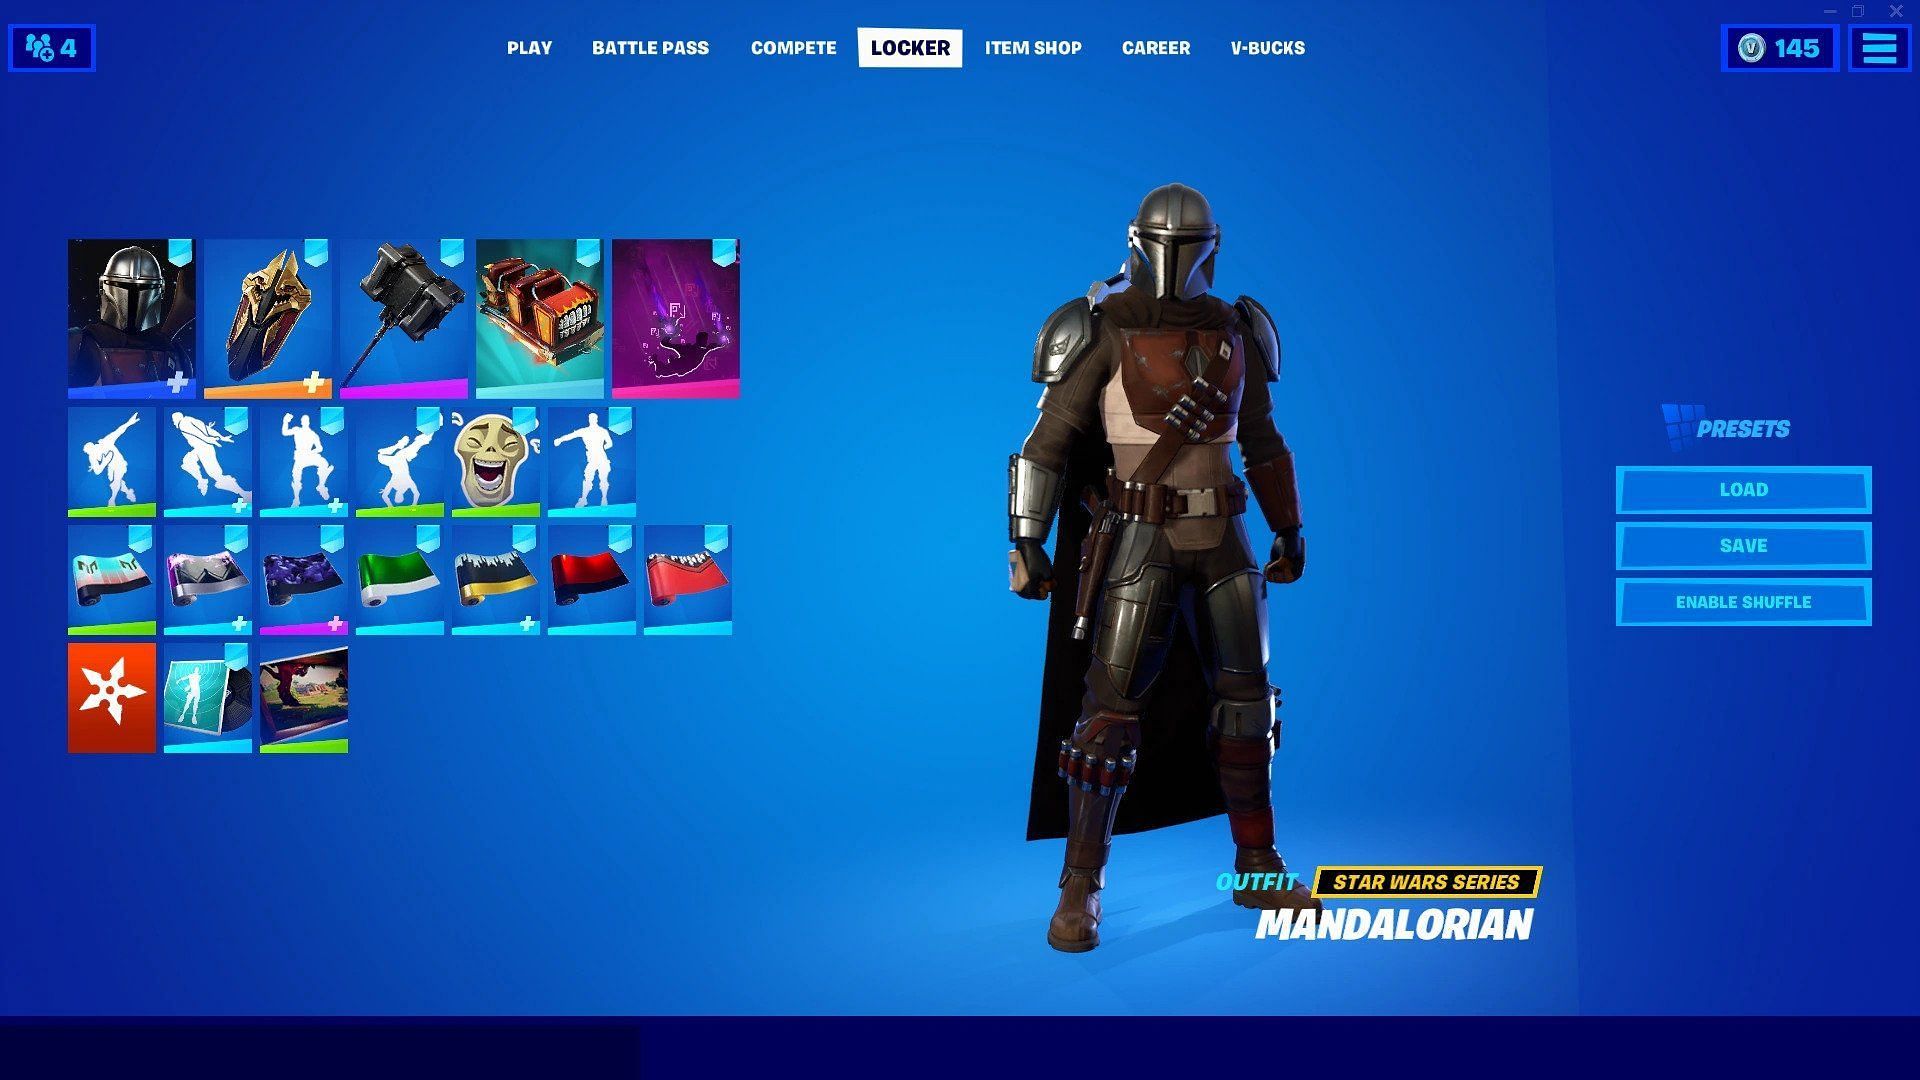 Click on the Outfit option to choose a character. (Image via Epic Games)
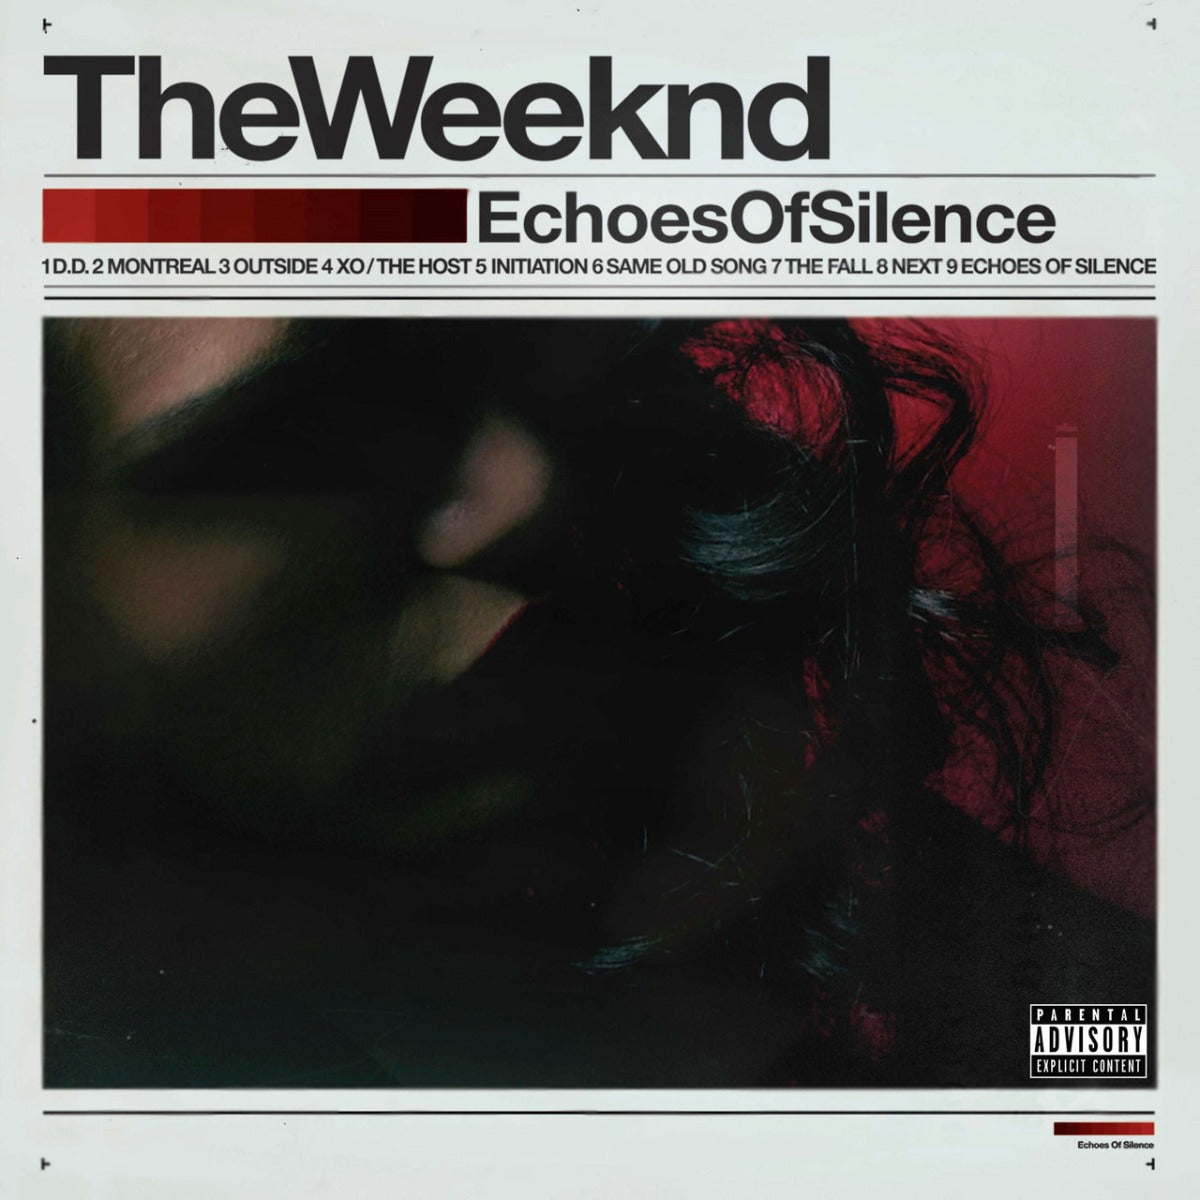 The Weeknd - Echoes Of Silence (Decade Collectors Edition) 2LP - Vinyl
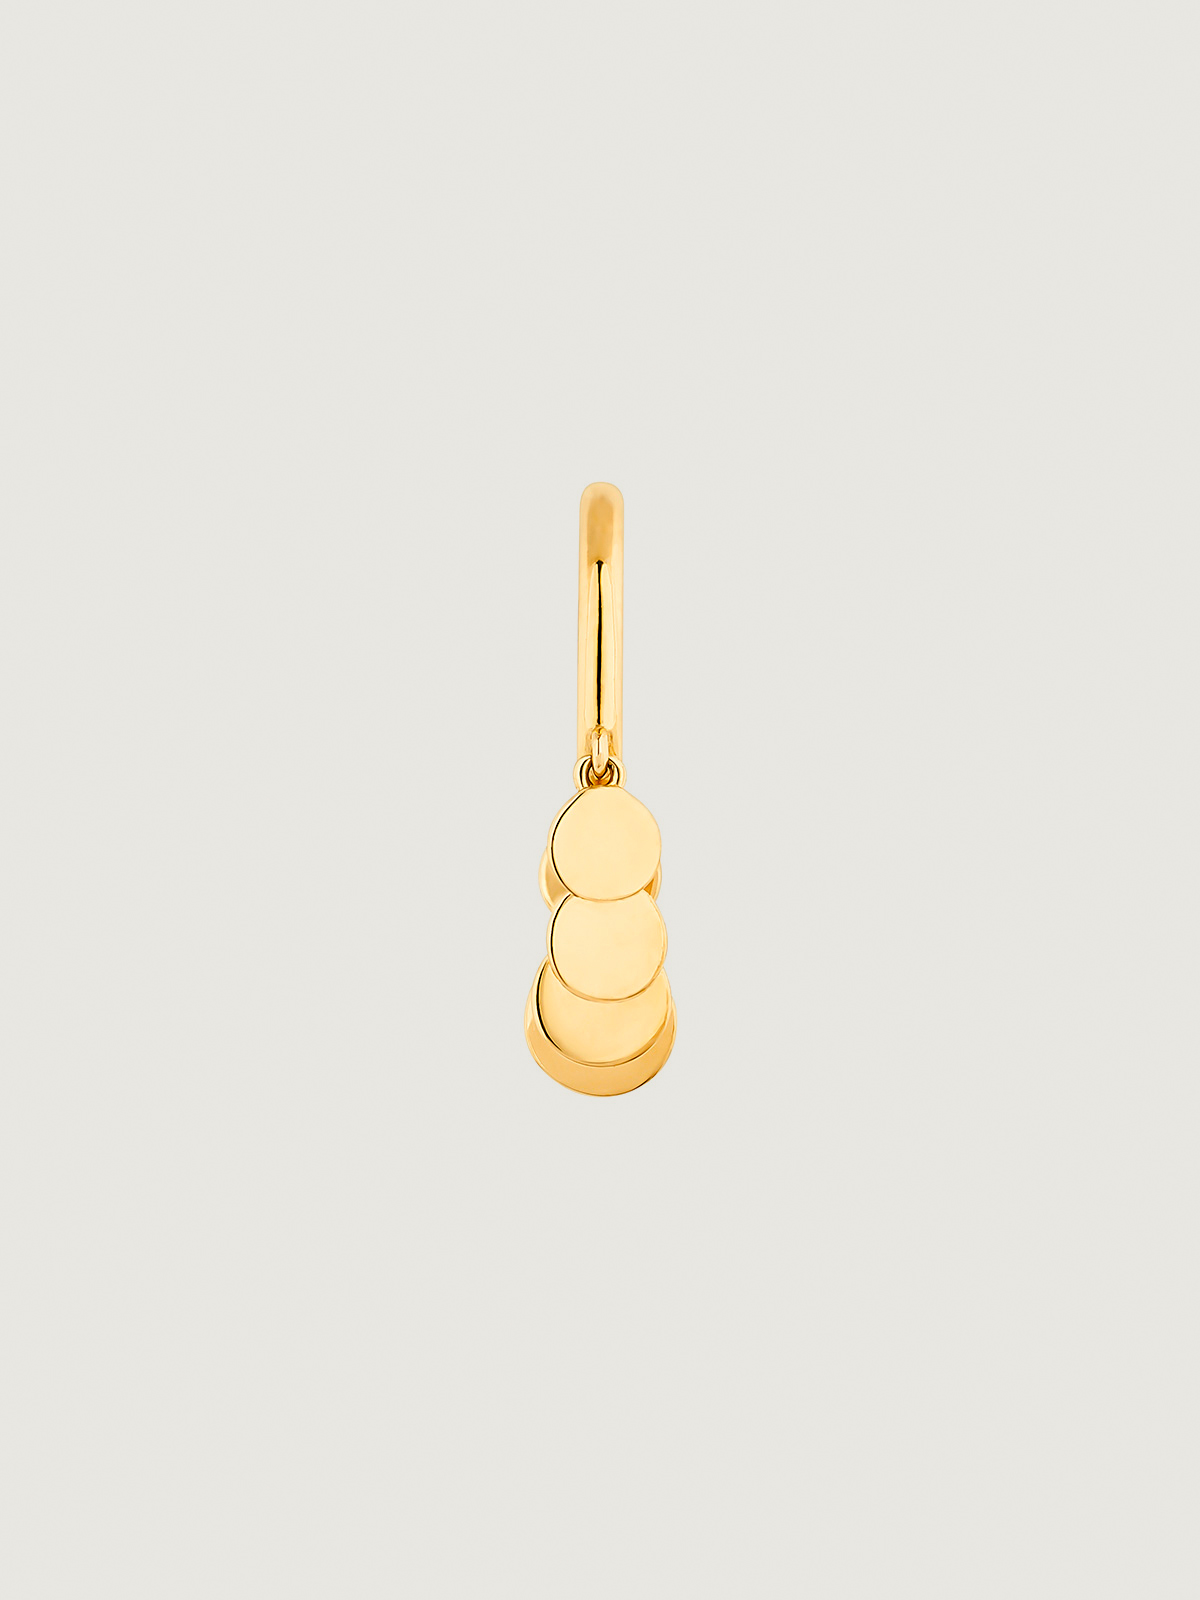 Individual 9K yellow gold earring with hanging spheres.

◆ ◆ ◆

**What this task involves:**
Quote the material word for word, dropping any images it holds.

**Response area:**
 Click on the Outfit option to choose a character. (Image via Epic Games)
 The Weeknd - Echoes Of Silence (Decade Collectors Edition) 2LP - Vinyl
 Individual 9K yellow gold earring with hanging spheres.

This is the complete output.